We now have evidence in the form of local and global studies of a slow-moving crisis of unignorable magnitude. We also have a candidate solution that has proven effective on a small scale. What course have our education departments decided to take?
The Ministry of Education and Professional Training is working with the Centre for Economic Research Pakistan (CERP) on a solution following the diagnose, sort, and instruct approach laid down above (Full disclosure: I am currently working with CERP, but this writing reflects only my personal views). The ministry is following the globally accepted approach of establishing efficacy of an intervention by conducting an experiment before possibly scaling to all schools under its jurisdiction, the Islamabad Capital Territory.

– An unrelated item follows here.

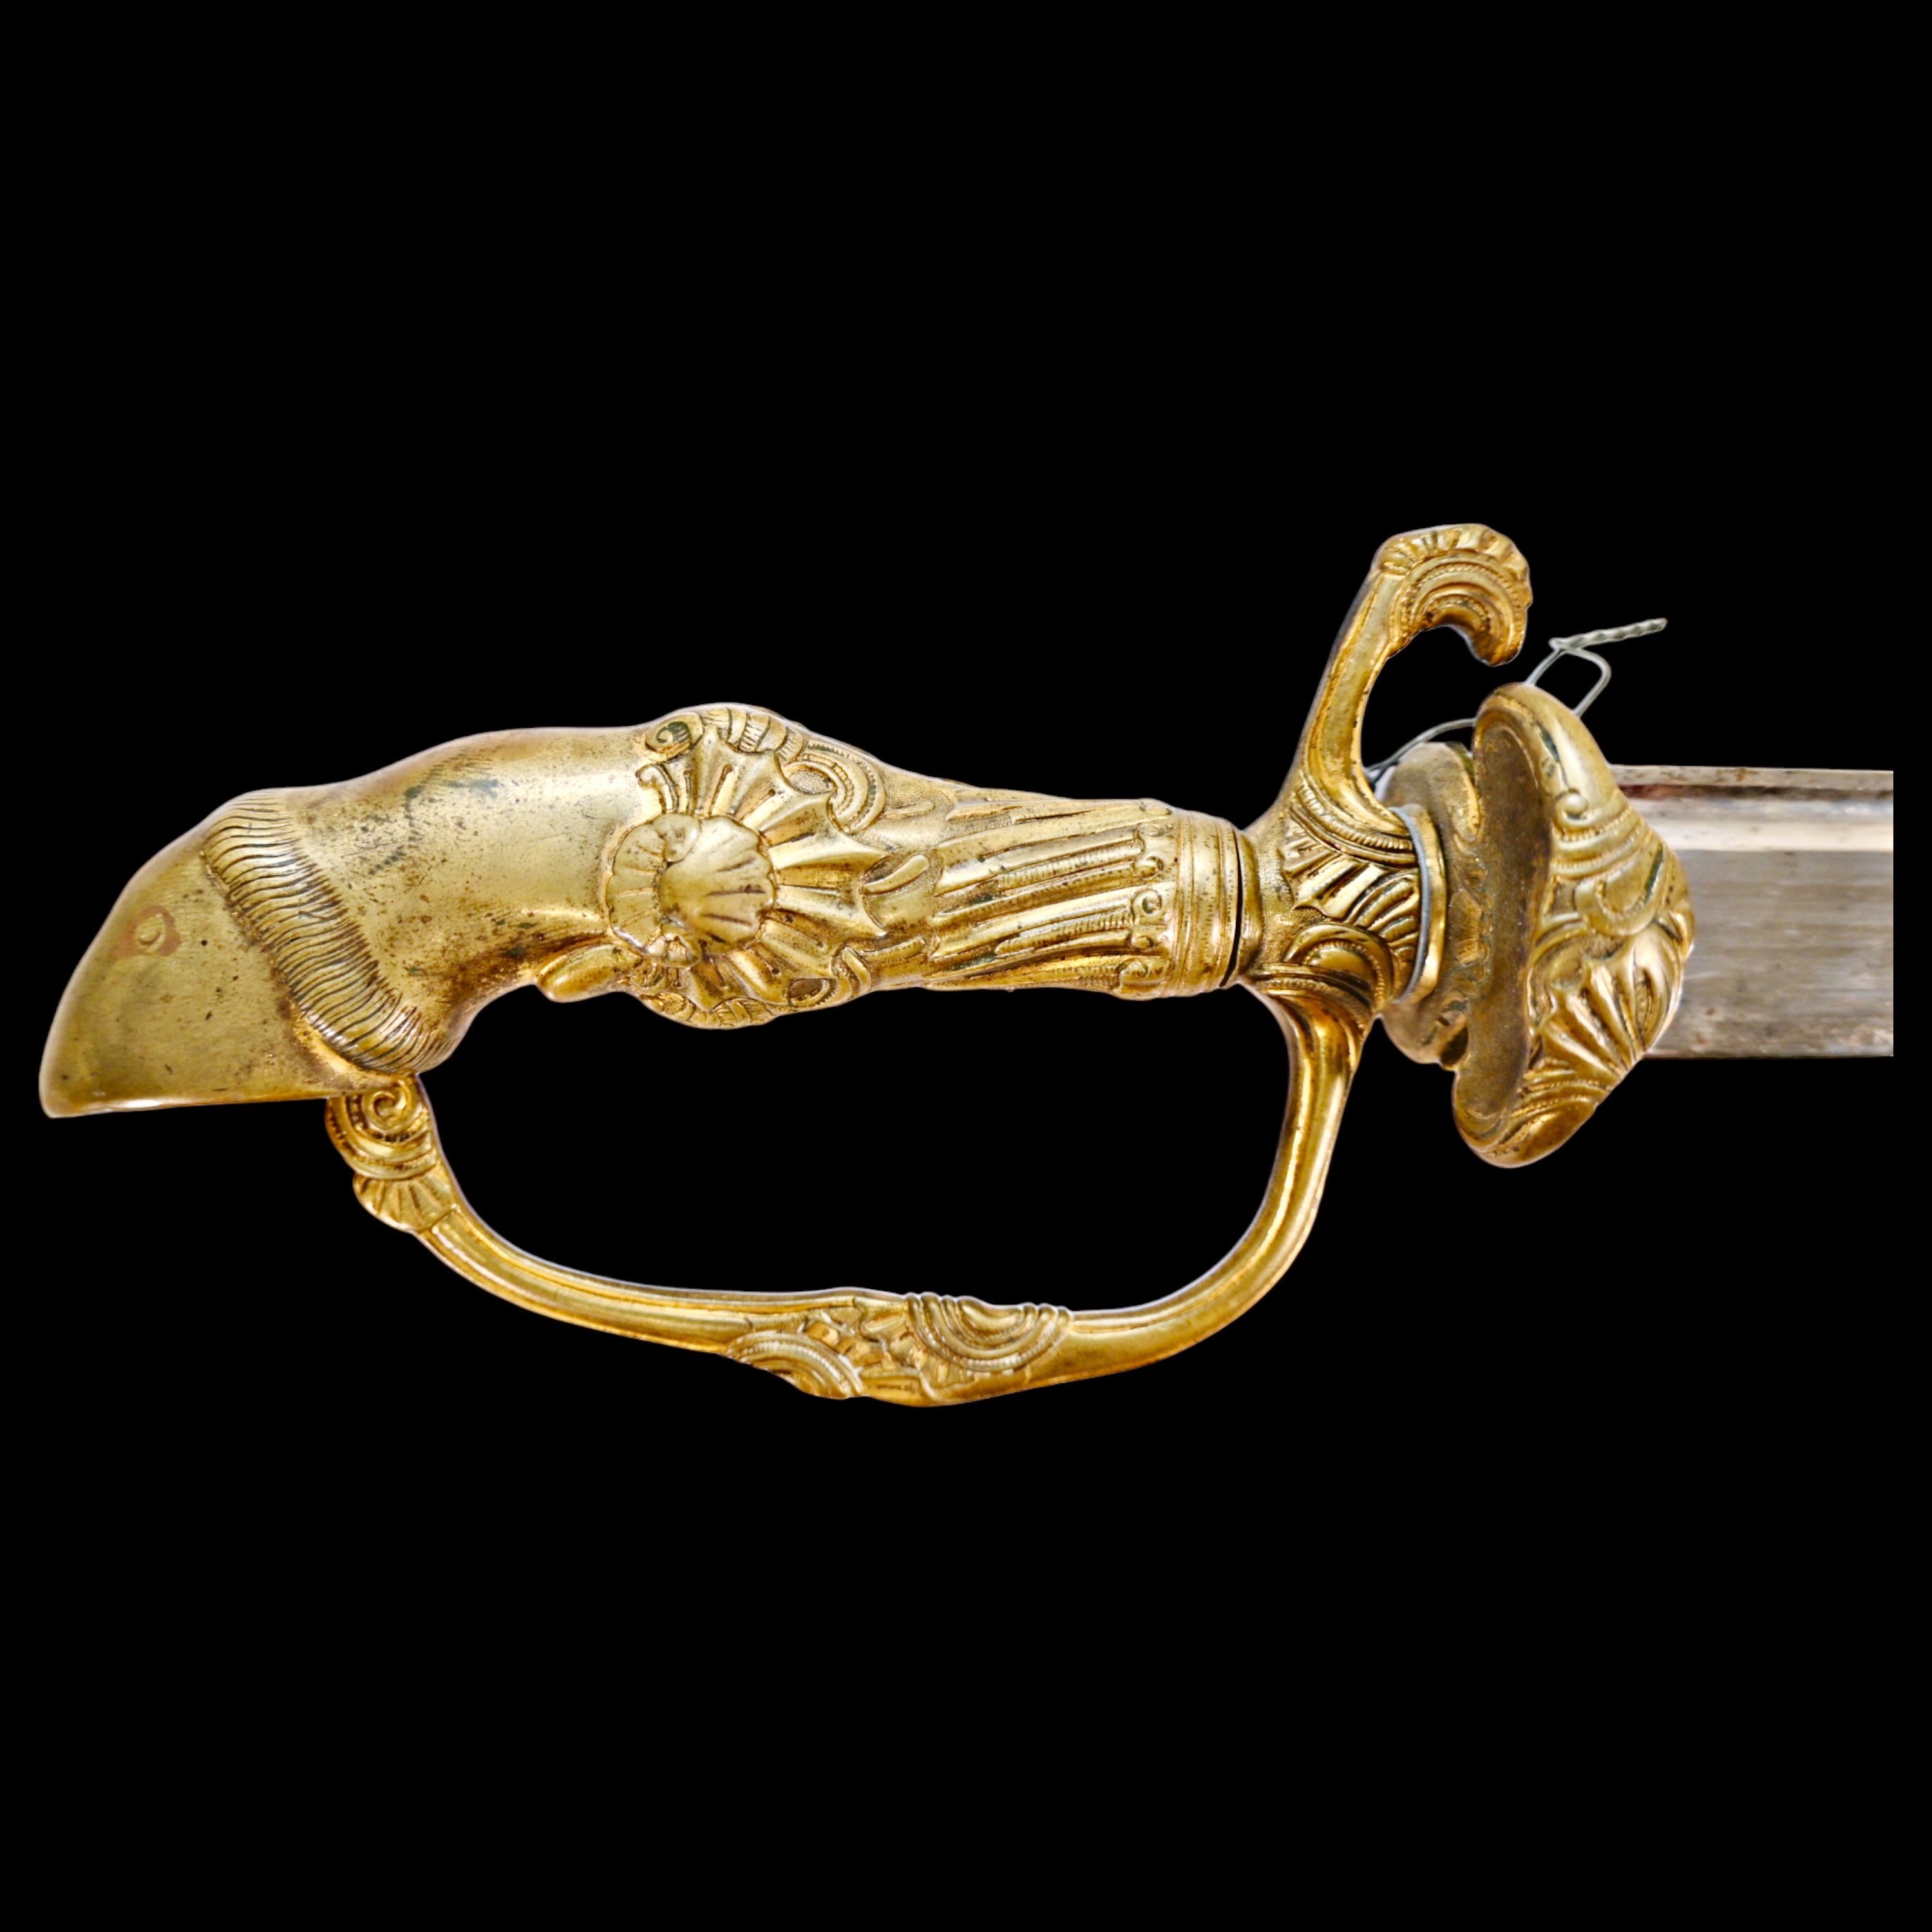 German hunting saber with knife, last half of the 18th century. - Image 14 of 26

Beyond that, it is up to provincial education departments to decide what approach to take.
The 1970 cold-war era sci-fi film ‘Colossus – The Forbin Project’ is about an artificially intelligent supercomputer, Colossus, built for a singular mission: to prevent war and keep the world safe from nuclear annihilation. Halfway into the film, Colossus figures out that humans cannot be trusted. In pursuit of its programmed mission, it ends up taking over control of the world without regard for the cost of all freedoms.
Colossus’ single-minded pursuit is mirrored, at least for now, in the approaches being considered by some education departments – the rush to complete the academic year’s syllabus and conduct final exams at all cost. Remediation of lost learning and catching students up have taken a back seat. All credible research on this problem so far tells us that completion of the syllabus, unconditional adherence to a final exam schedule, and the assumption that all will revert to normal from September 2021 onwards are the wrong things to focus on.
At the federal level, the Ministry of Education is signaling an acknowledgment of the colossal problem and its long-term ramifications and awareness of global best practices to deal with it. However, in provinces (where most students are), education departments are still only thinking as far as condensed syllabi, promotion on the basis of homework for lower grades, and possibly delaying exams by a couple of months, while sidestepping the real need for remediation.
In the Inter-Provincial Ministerial Conference, discussions about senior school grades are boxed in by assumptions of inflexible university admissions processes and timelines. In a year where even Ivy League universities have decided to forego and modify their admission requirements, Pakistani universities too will have to adapt. Countries around the world are already questioning the efficacy of holding school exams as usual. Unfortunately, no one has a better alternative to the traditional ‘test’, yet there is growing consensus that exams will have to be made more fair next year. Solutions under consideration range from making exams easier, to boosting grades of disadvantaged children, to combining exam scores with more subjective scoring through the year, and so forth.
This is a challenging time that requires sharp focus on the core problem – learning losses, smart planning ‘now now’ (in South Africa people say ‘now’ twice to show urgency because otherwise ‘now’ may never come), and funds to support hiring temporary teachers in understaffed schools.
We have to keep reminding ourselves that these learning losses will not disappear over time. There is undisputed evidence that the negative effects accrued at an early-stage compound over time and result in lifelong economic losses. Therefore, investment in an early recovery solution is the only smart thing to do.